We sat down with Gesture from the London Spitfire after a tough loss against the Philadelphia Fusion. Easily one of the best main tanks in the game right now, Gesture had a lot to say about Season 1, his improvement as a player, and the need for change looking ahead to Season 2.
So today’s match was pretty crazy for you guys. What was it about the Fusion’s play style today that gave you so much trouble?
We went in playing as we normally do, and I know that they brought what they normally bring.

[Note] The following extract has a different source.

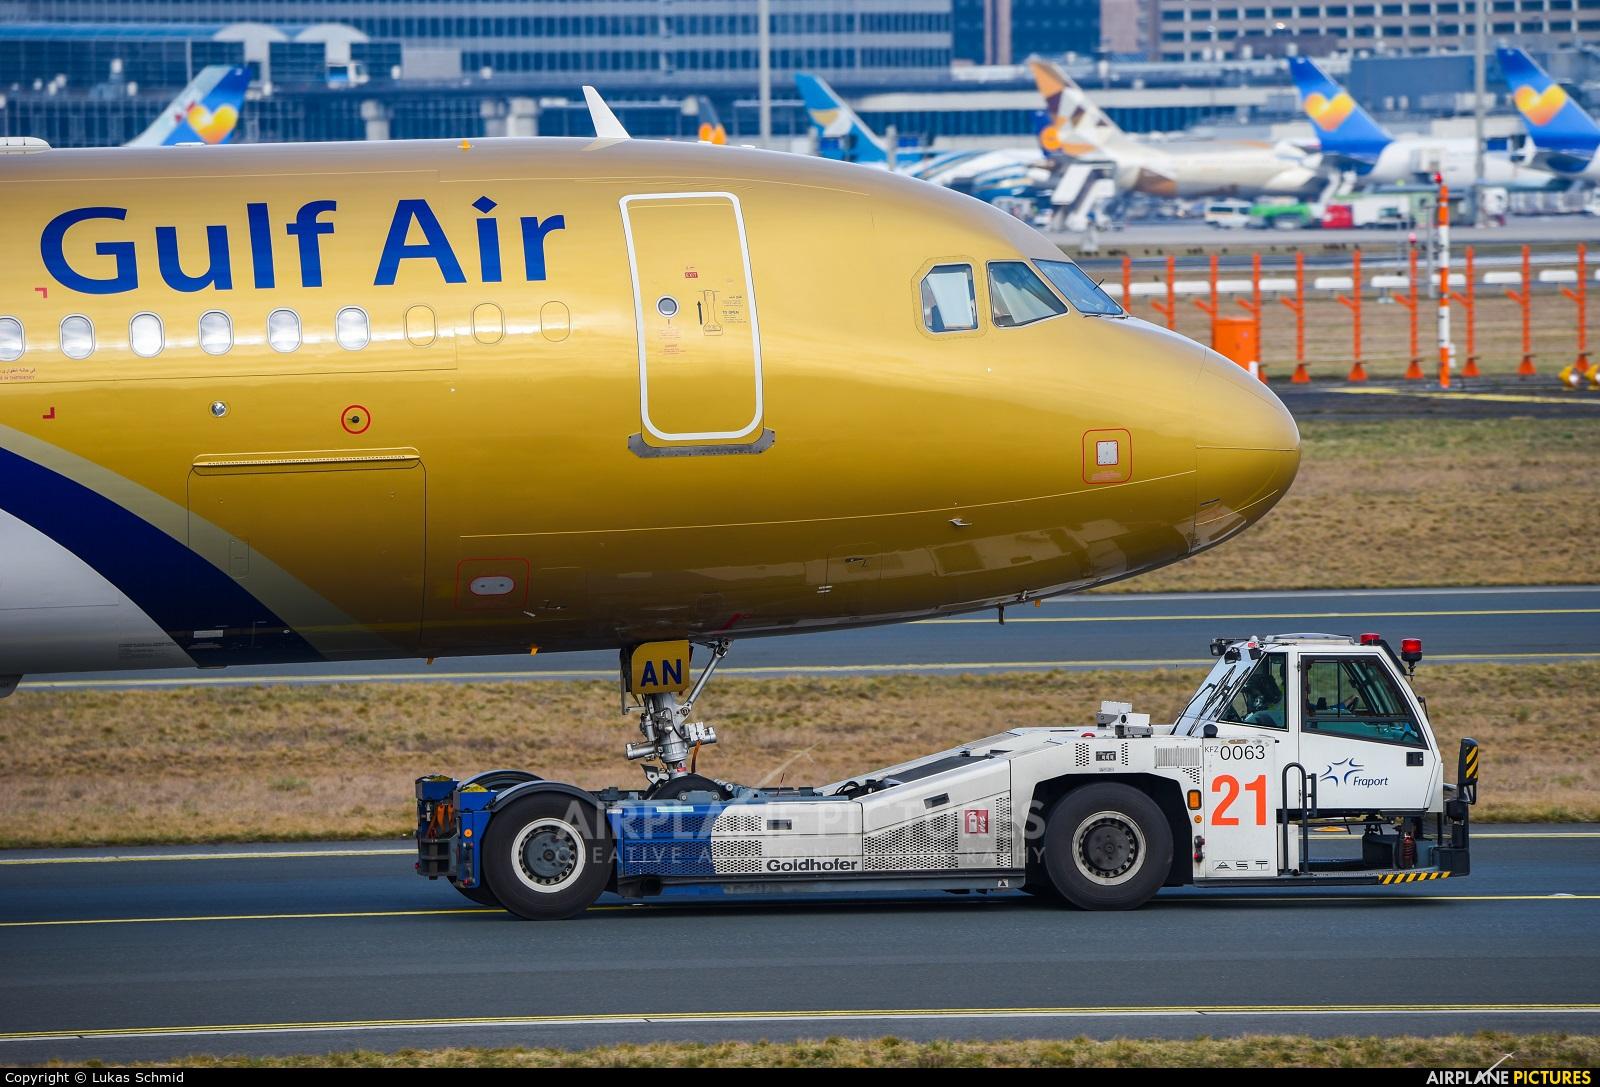 Gulf Air A9C-AN aircraft at Frankfurt

In the strategies that we used, though, we kind of figured them out a bit too late.
So what kind of adaptations did you end up making in Map 4 to turn that around?
In Map 3, actually, we started to figure them out- it was one of those really close losses where you go “Ah, I think I know what’s going on,” so I told the team “Hey, I think this is what they’re going to be doing.” So in Map 4 we went in with a different mindset on how they were playing. Even though it was still kind of iffy, we managed to pull out the win.
So in that last fight on Gibraltar, which was intense and generally crazy- you got something like two or three Primal Rages over the course of it, as I recall- how well were you guys able to maintain your normal comms structure when a fight is going crazy like that?
How communications go for us is determined by the composition of the team. Running a Brigitte allows us to play a little more steadily, and a little more calmly. We were able to keep our communication through all of that going because Brigitte was in play.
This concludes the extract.